Era frío aquel día de julio en el que un interesante número de personas se acercó a los Tribunales de calle Oroño para presenciar el inicio del primer juicio por delitos de Lesa Humanidad cometidos en San Nicolás. La última dictadura cívico militar dejó severas consecuencias sobre el suelo argentino, así como también parió una lucha interminable por parte de los que perdieron su vida, o bien parte de ella. Esa lucha se vio reflejada esta vez en el transcurso de un crudo invierno y una primavera interrumpida por lluvias torrenciales que no sirvieron de obstáculos para llegar al día definitivo.

Pasada la navidad, el 27 de diciembre el Tribunal Federal Número 2 de Rosario dictó la sentencia a los tres represores acusados, Manuel Fernando Saint Amant, Antonio Federico Bossié y Jorge Muñoz.

El día comenzó temprano con una caravana de colectivos y autos que partió desde San Nicolás, para encontrarse en la entrada a Rosario por el Boulevard Oroño con el resto de quienes acompañarían la jornada, y así llegar al edificio de Tribunales. Allí, varias banderas y un imponente escenario dejaban en claro cuál era el sentido de semejante movilización. Las caras, siempre jóvenes, de aquellas víctimas que definitivamente iban a tener justicia, se comenzaron a ver por todo el lugar. A pesar de los nervios que más de uno manifestaba, el clima de fiesta ya se estaba viviendo.

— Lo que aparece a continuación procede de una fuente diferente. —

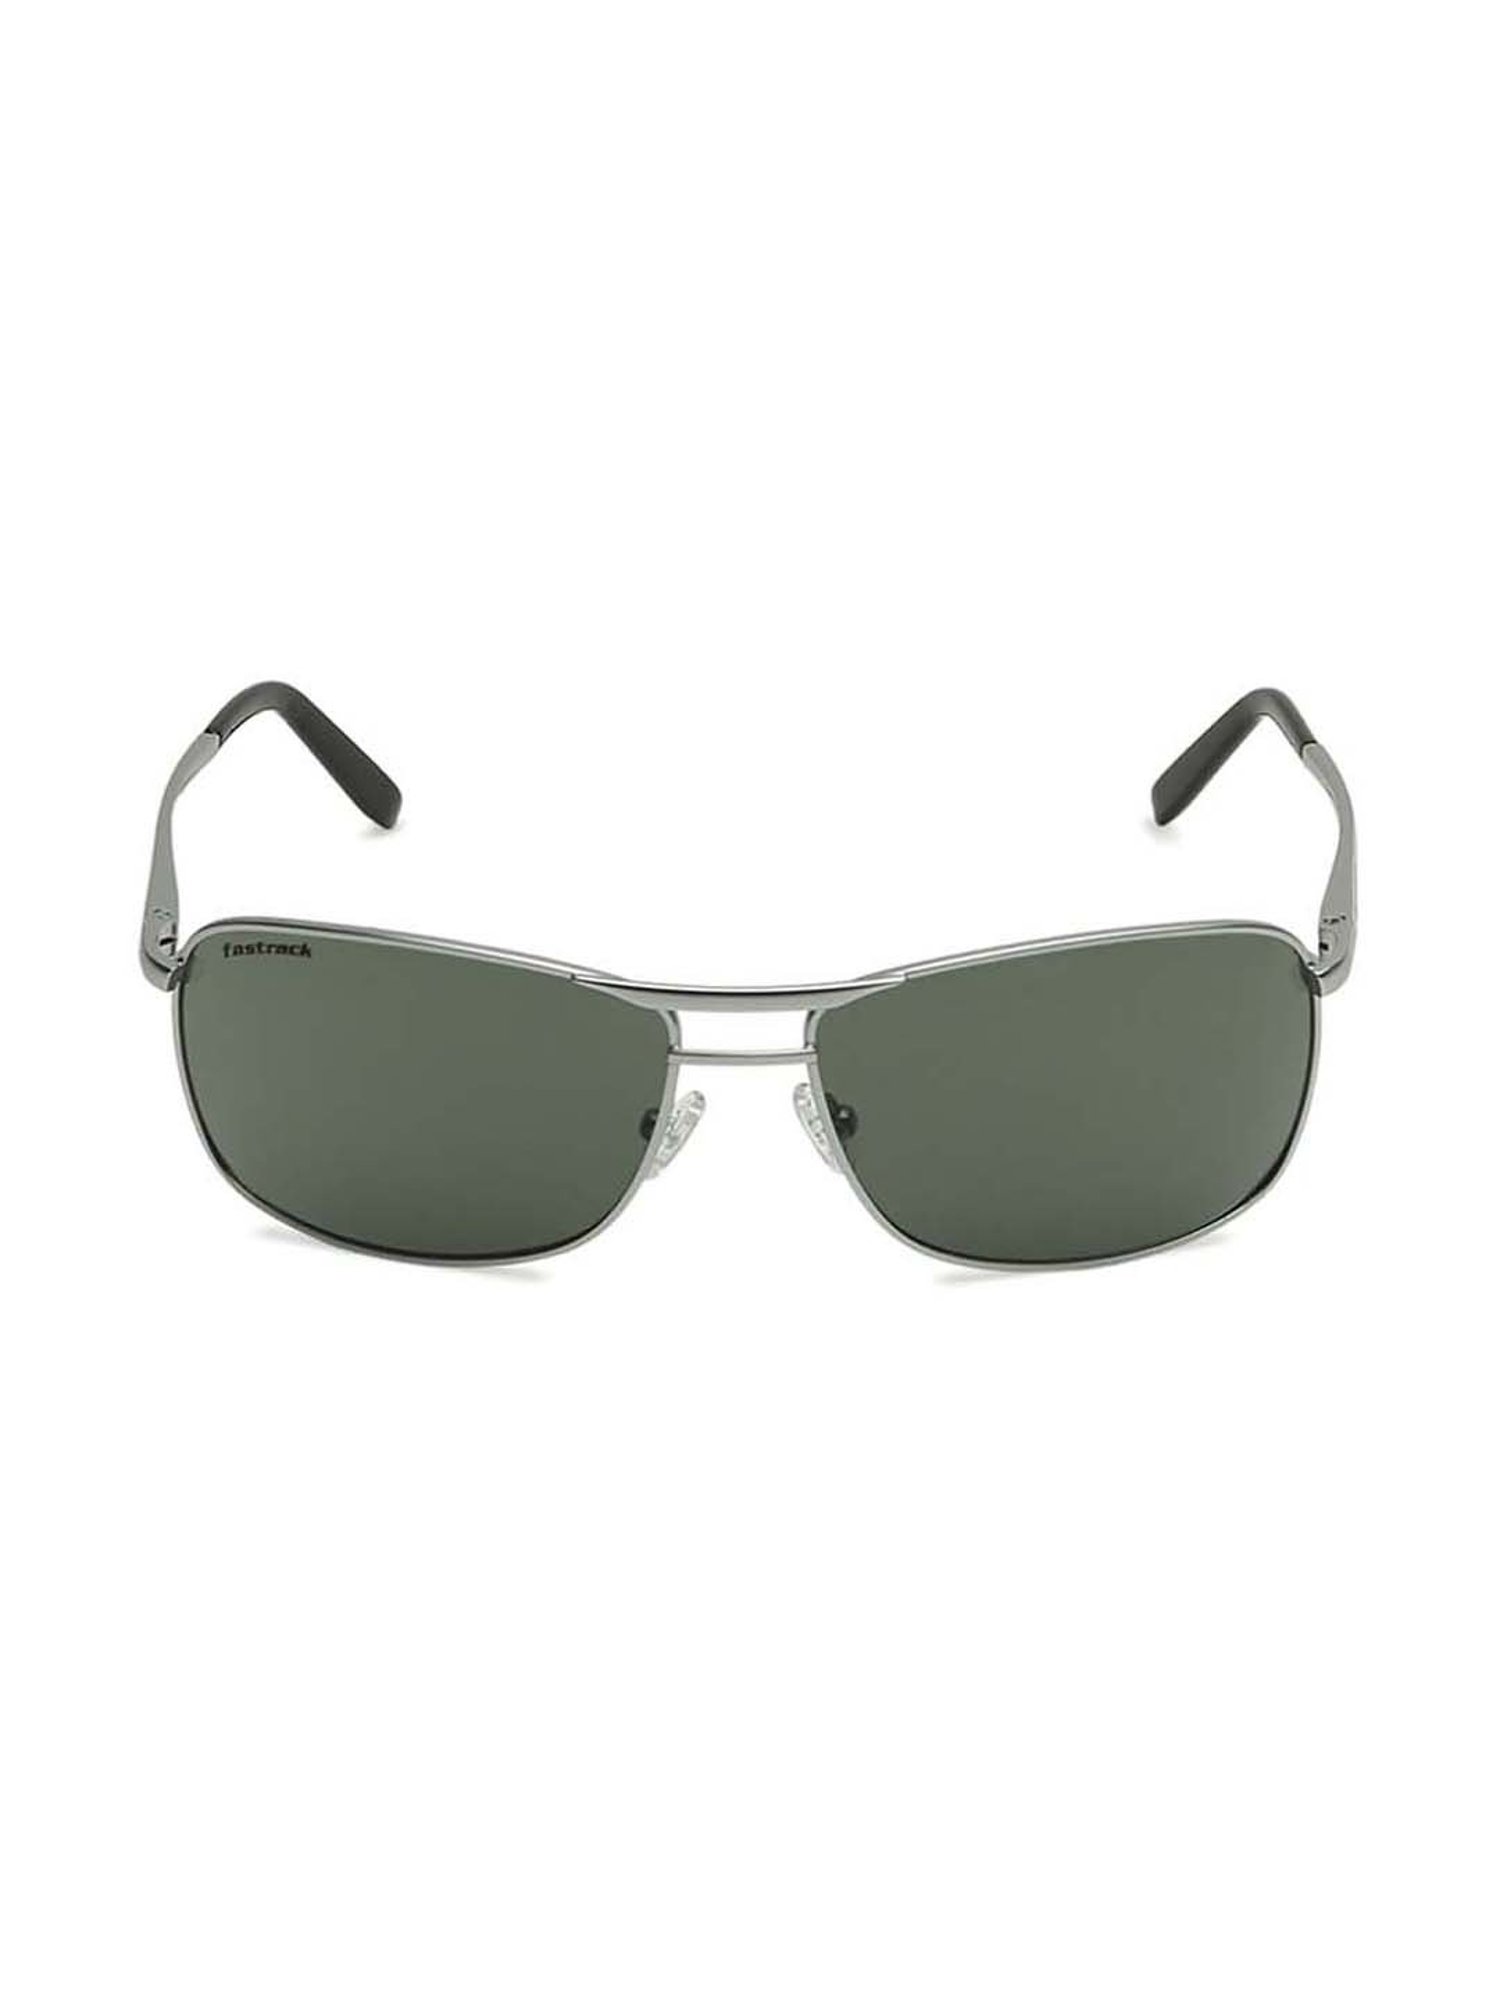 Fastrack UV protected Square Men's Sunglasses (P357BK1|41 millimeters|Smoke  (Grey/Black)) - EASYCART

“Claro que las expectativas son las que nuestros fiscales y querellantes han pedido, que son la Prisión Perpetua para estos tres genocidas”, soltó sobre el escenario José María Budassi de la Mesa de la Memoria de San Nicolás, minutos antes de que comenzara la audiencia. Fueron pocas sus palabras en esta oportunidad. Las ansias del Cholo se reflejaban en su mirada, y se volvían una sensación en común con cada uno de los presentes.

A punto de comenzar la audiencia la sala se colmó de familiares de las víctimas, Madres de la plaza 25 de Mayo y de la ciudad de Santa Fe, y demás acompañantes de la causa. También se encontró en el lugar el secretario de Derechos Humanos de la Provincia de Buenos Aires, Guido Carlotto. Del otro lado de la sala, siempre de espaldas, estaban los tres imputados esperando el fallo del Tribunal, presidido esta vez por el juez Omar Digerónimo. En caso de haber volteado sus miradas, los acusados hubieran visto a los familiares sosteniendo los afiches con los rostros de las víctimas de los delitos que alguna vez cometieron. Mientras, los minutos corrieron lentamente hasta que comenzó la lectura.

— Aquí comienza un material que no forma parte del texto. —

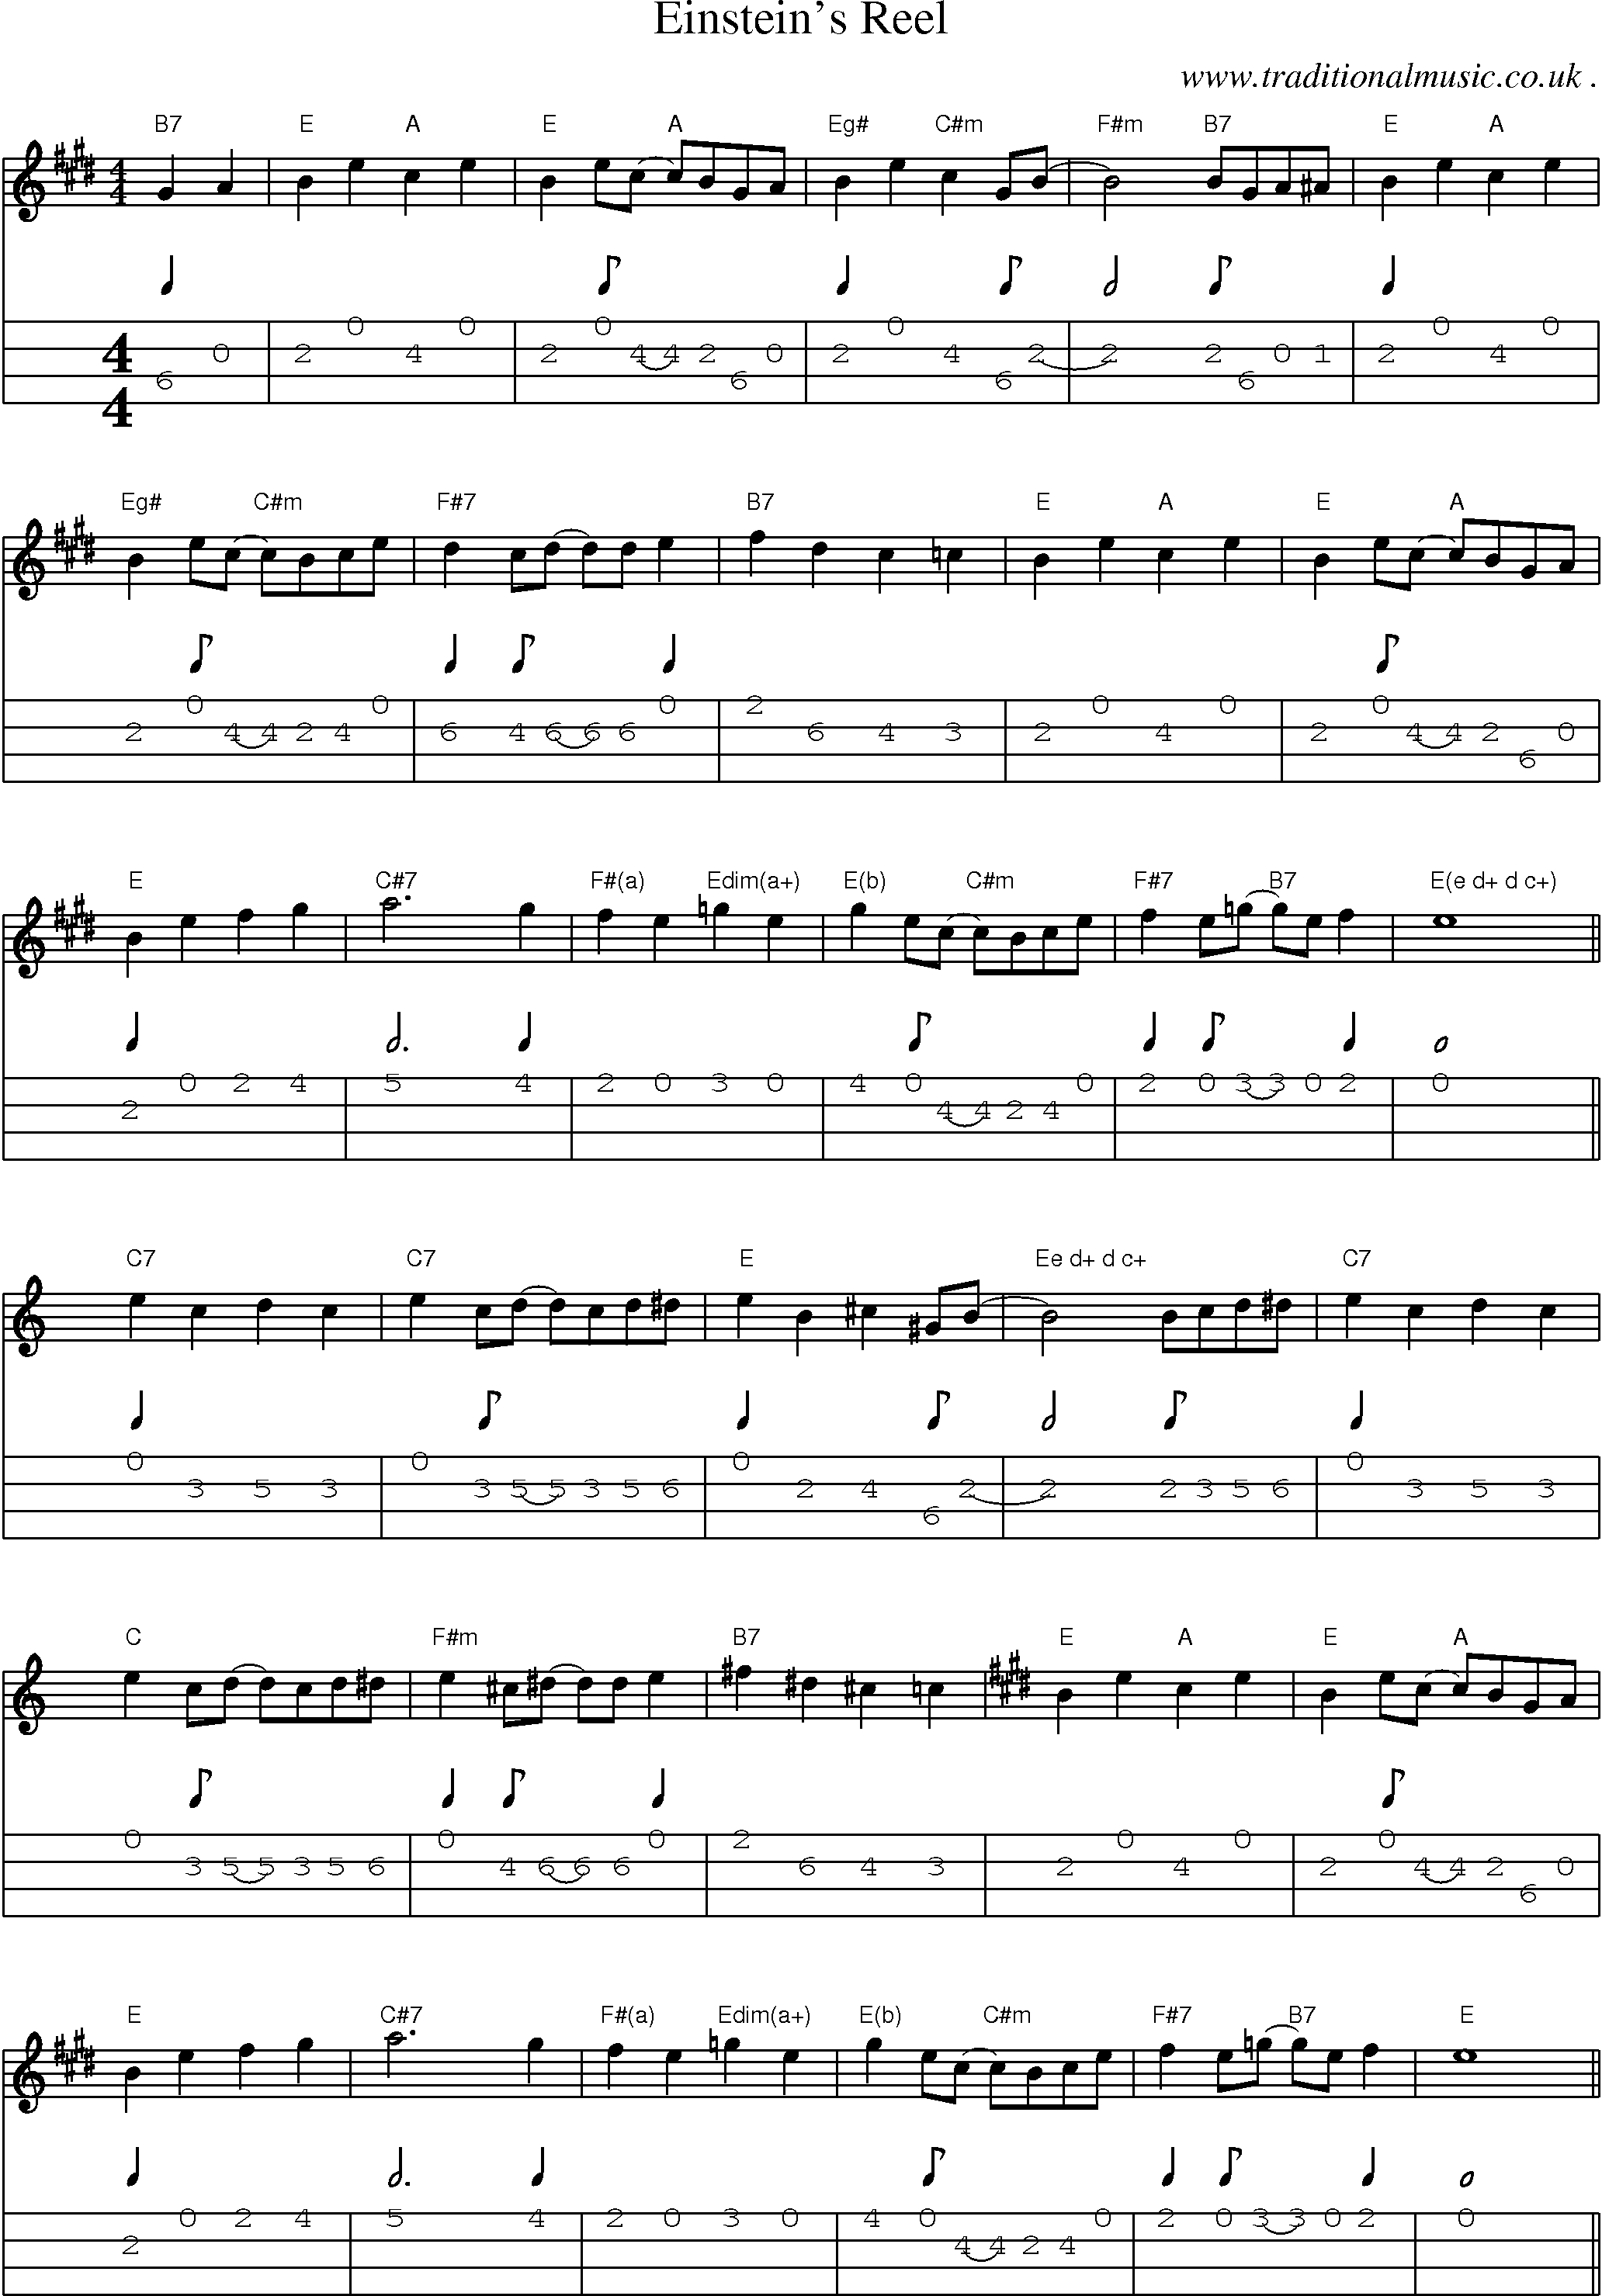 Sheet-Music and Mandolin Tabs for Einsteins Reel

“Condenar… a la pena de Prisión Perpetua e inhabilitación absoluta y perpetua, accesorias legales y costas, calificándolos como crímenes de Lesa Humanidad…”, dictó el Tribunal para cada uno de los acusados, desarrollando individualmente los delitos que cargarán en sus espaldas.

Manuel Fernando Saint Amant, jefe del Área Militar 212 durante la fecha de los hechos, fue condenado por los delitos de homicidio agravado por haber sido cometido con el concurso premeditado de dos o más personas; por privación ilegítima de la libertad agravada por mediar violencia; por sustracción, retención y ocultamiento de un menor de diez años, y por robo agravado por haber sido cometido con armas. Saint Amant es el único de los imputados acusados tanto por la Masacre de la Calle Juan B. Justo, como por el secuestro y asesinato de los seis militantes de la JP Montoneros desaparecidos en los barrios Don Bosco, Trípoli y Santa Rosa entre abril y mayo de 1977, además del secuestro del propietario de una de las viviendas intervenidas.

Por su parte, Antonio Federico Bossié y Jorge Muñoz, fueron condenados de la misma forma. El fallo comprendió el carácter de coautor de los delitos de homicidio agravado por haber sido cometido con el concurso premeditado de dos o más personas, en relación a la Masacre de la calle Juan B. Justo, llevada a cabo el 19 de noviembre de 1976.

Además, sobre el final de la audiencia el Tribunal solicitó que se investigue por la presunta participación de delitos de acción pública a una serie de integrantes del Ejército, de la Policía Federal Argentina y al Personal del Destacamento de Inteligencia 101 de San Nicolás. De esta manera, queda abierta la posibilidad de que se encuentren a nuevos culpables de delitos perpetuados en los hechos que ya se trataron en este juicio.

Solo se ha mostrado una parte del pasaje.